[Given material Boundary: Start]

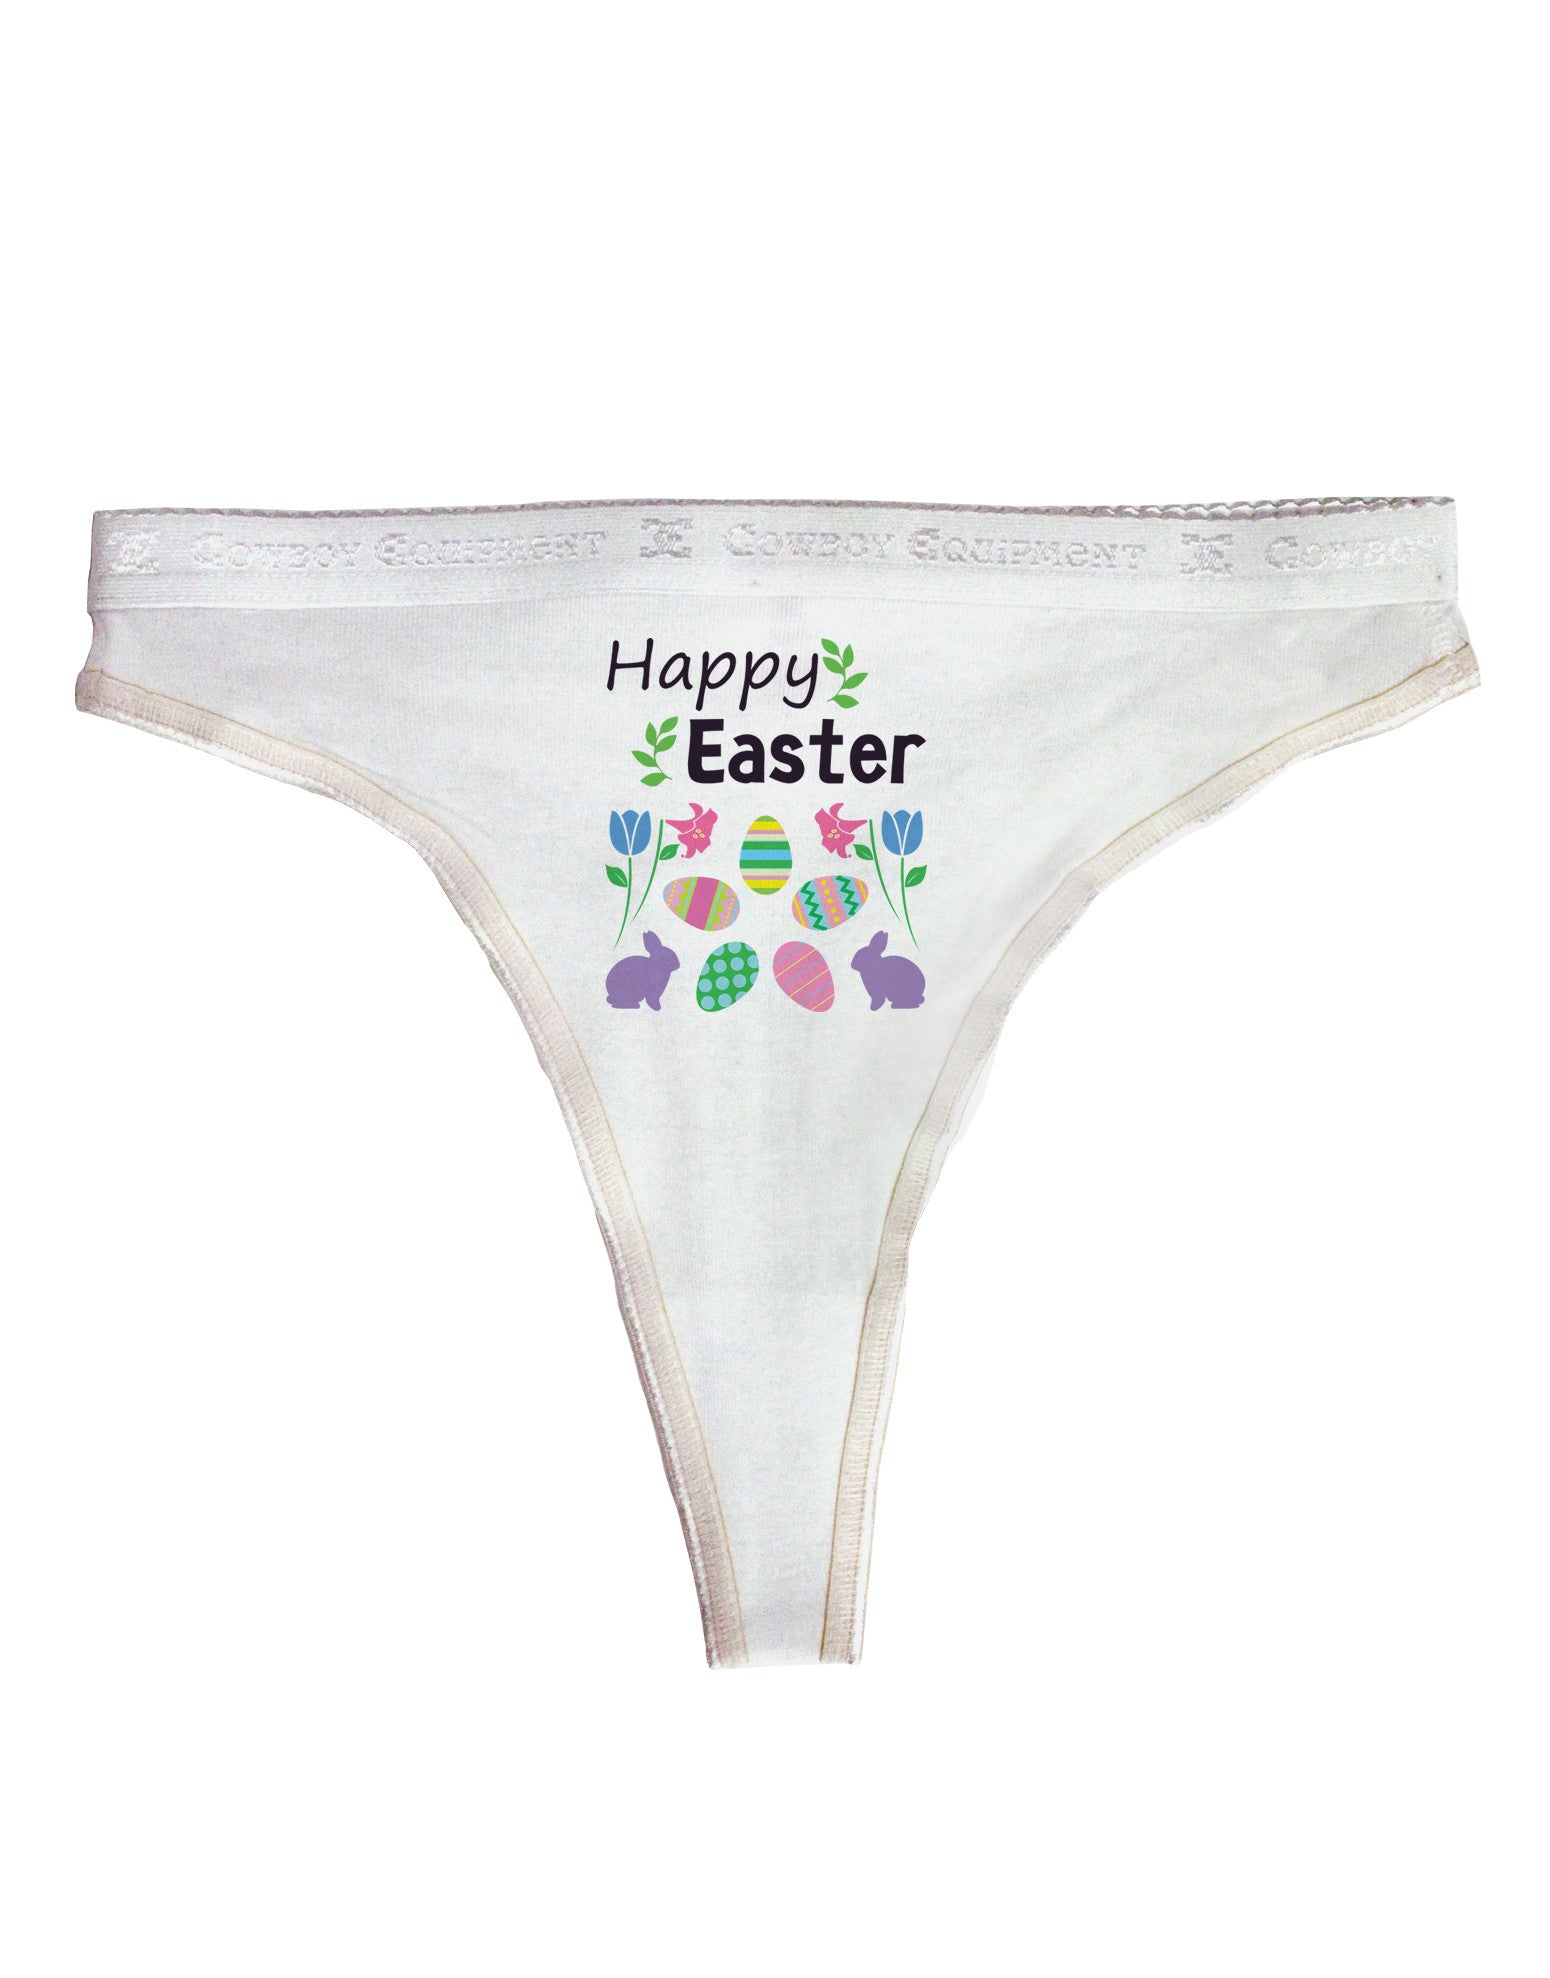 LOBBO Happy Easter Design Mens G-String Underwear
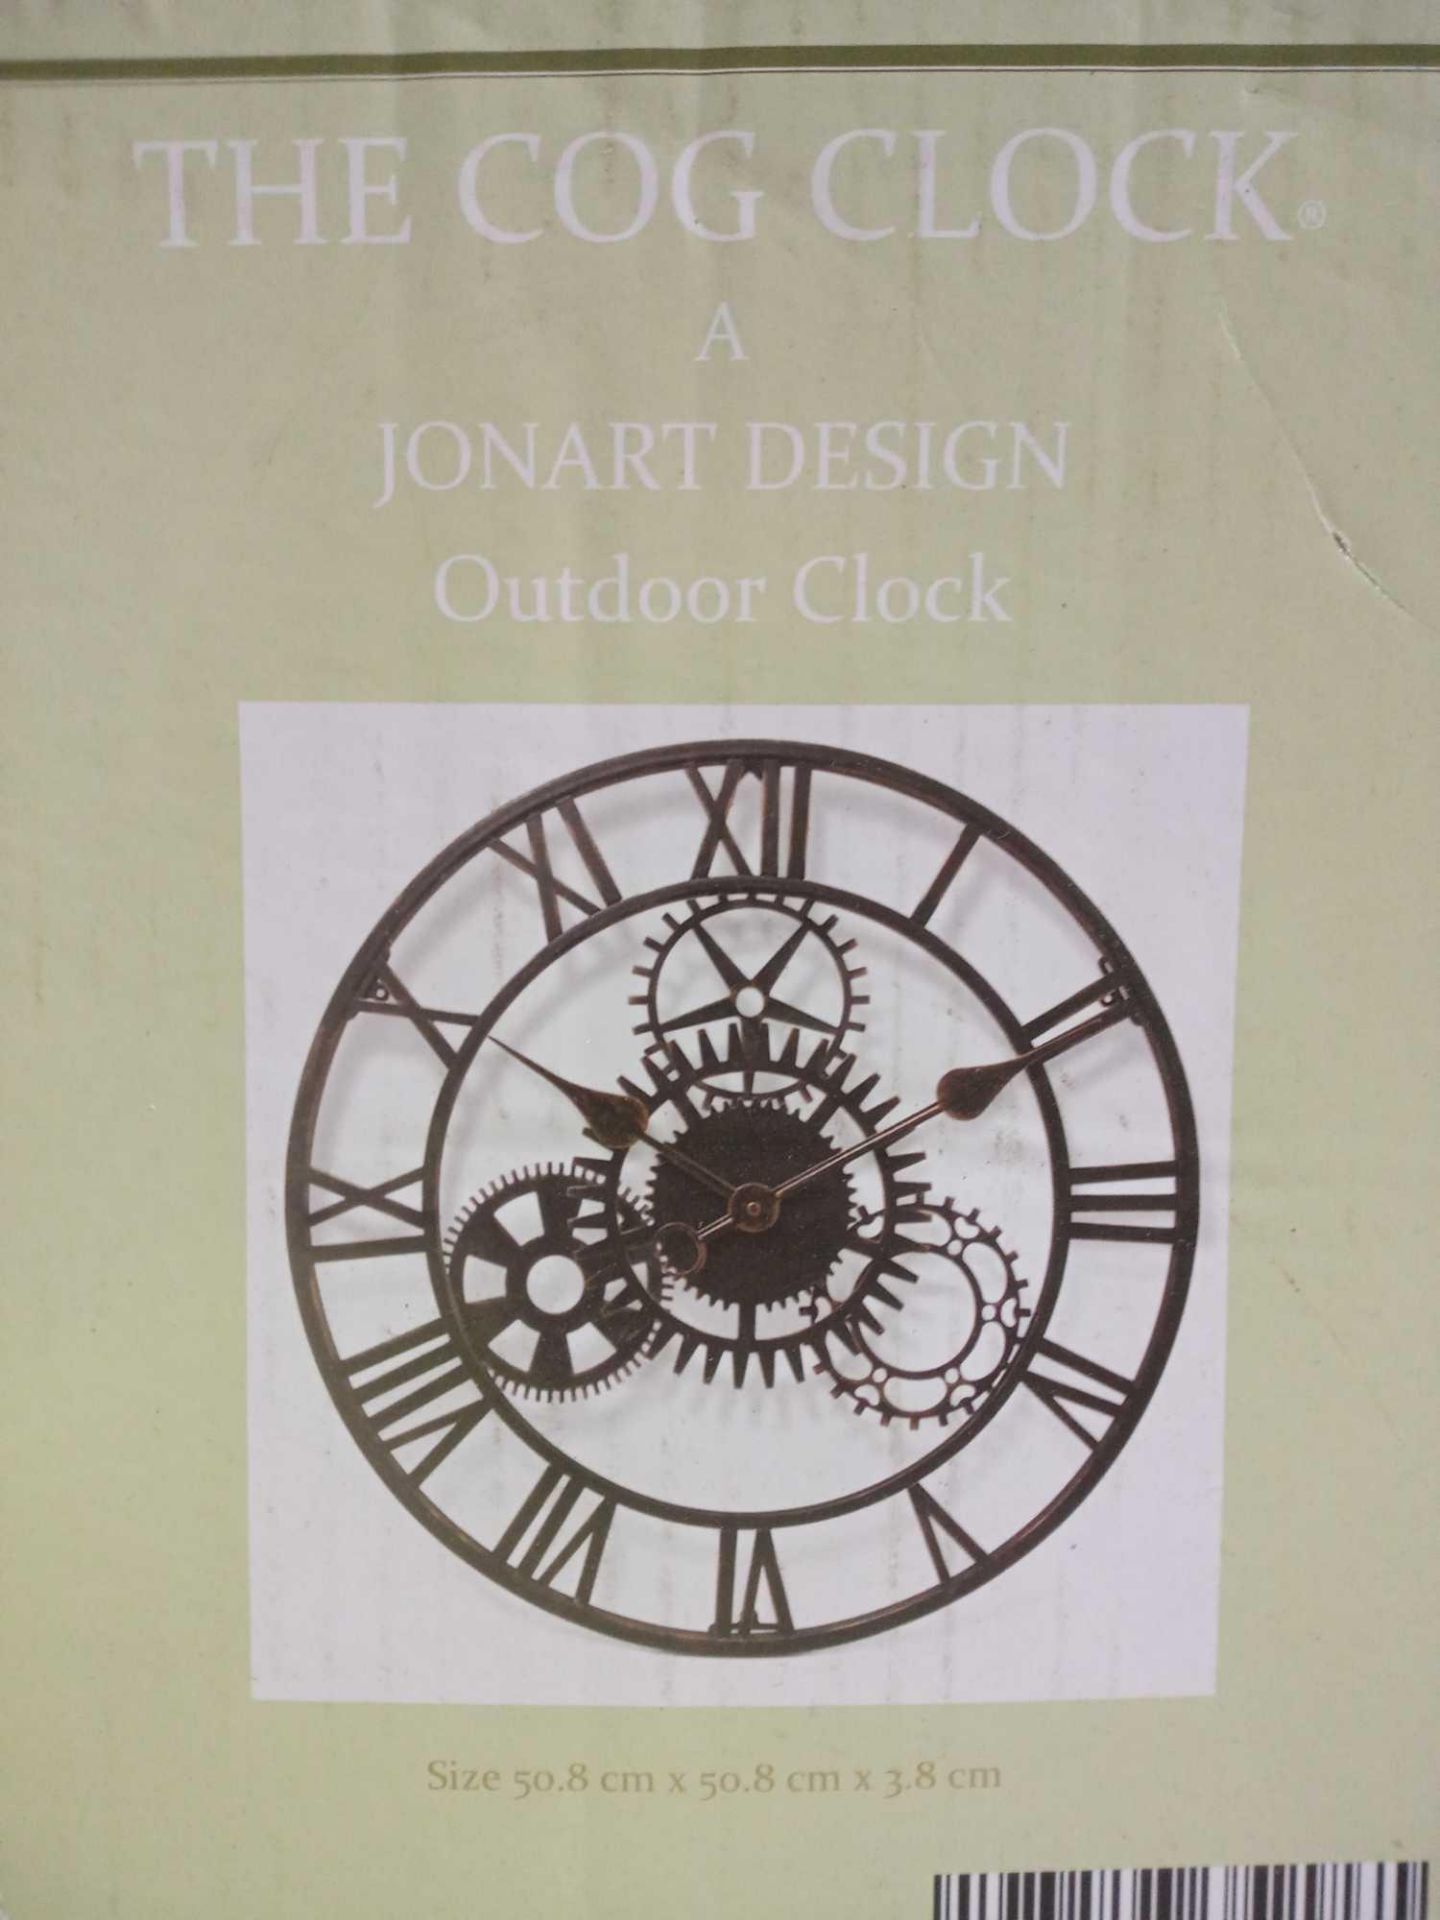 RRP £75 Boxed Joan Hart Design The Cog Clock Outdoor Wall Clock
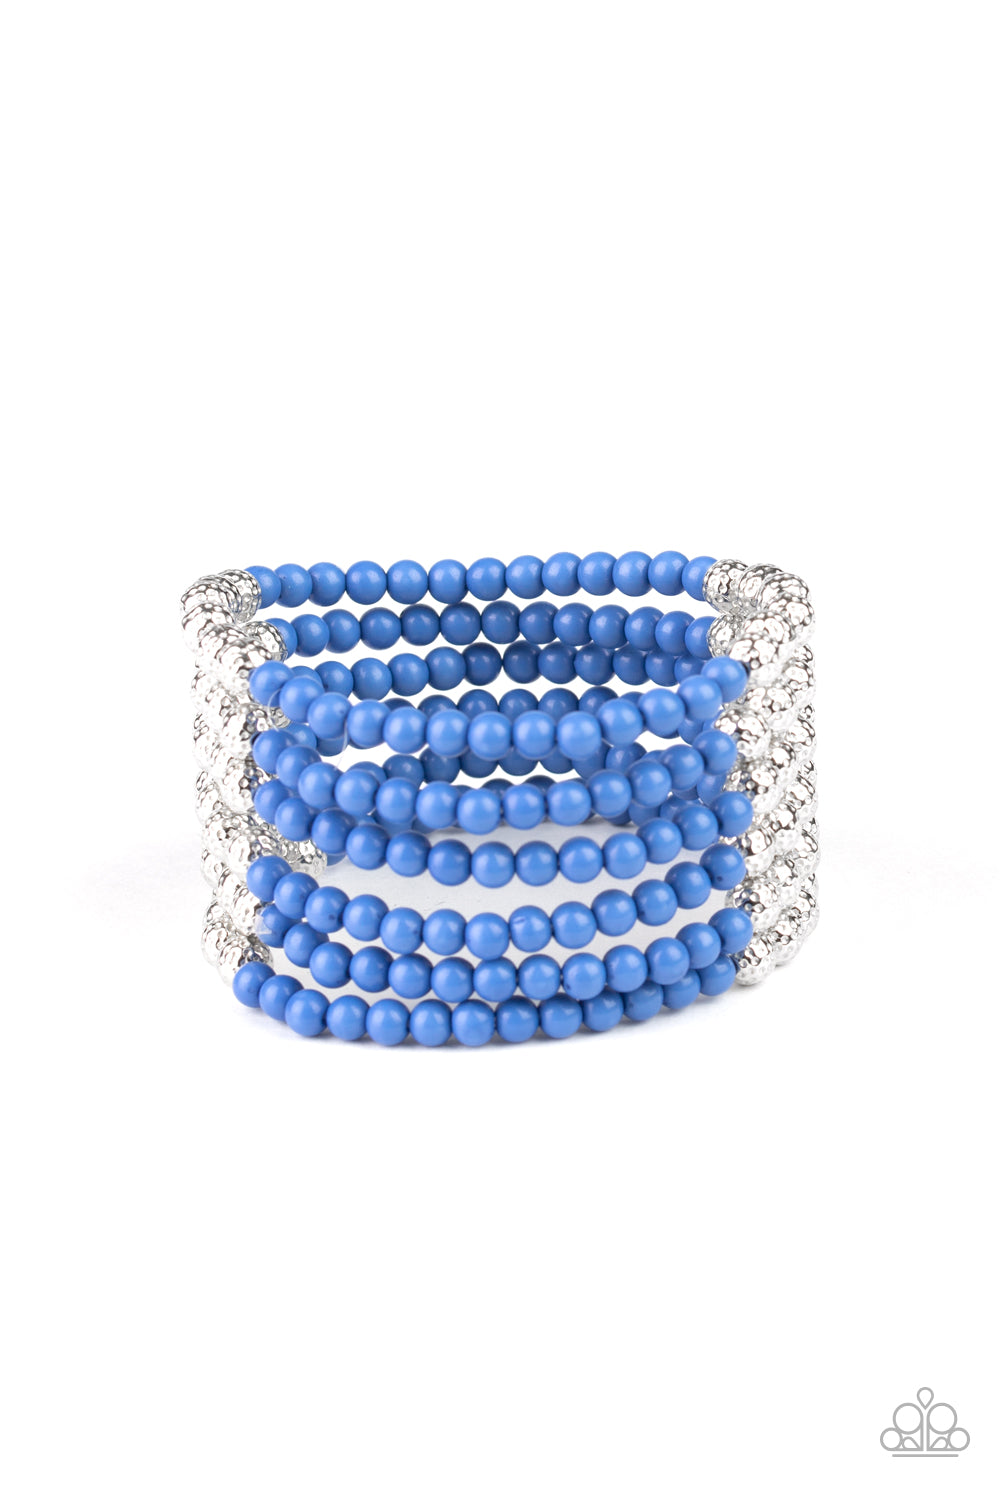 Layer It On Thick - blue - Paparazzi bracelet

[Given material Boundary: End]

Work required: In your copy, omit the pictures and restate every line of the data word for word.

Response area:
 LOBBO Happy Easter Design Mens G-String Underwear
 RRP £75 Boxed Joan Hart Design The Cog Clock Outdoor Wall Clock
 Layer It On Thick - blue - Paparazzi bracelet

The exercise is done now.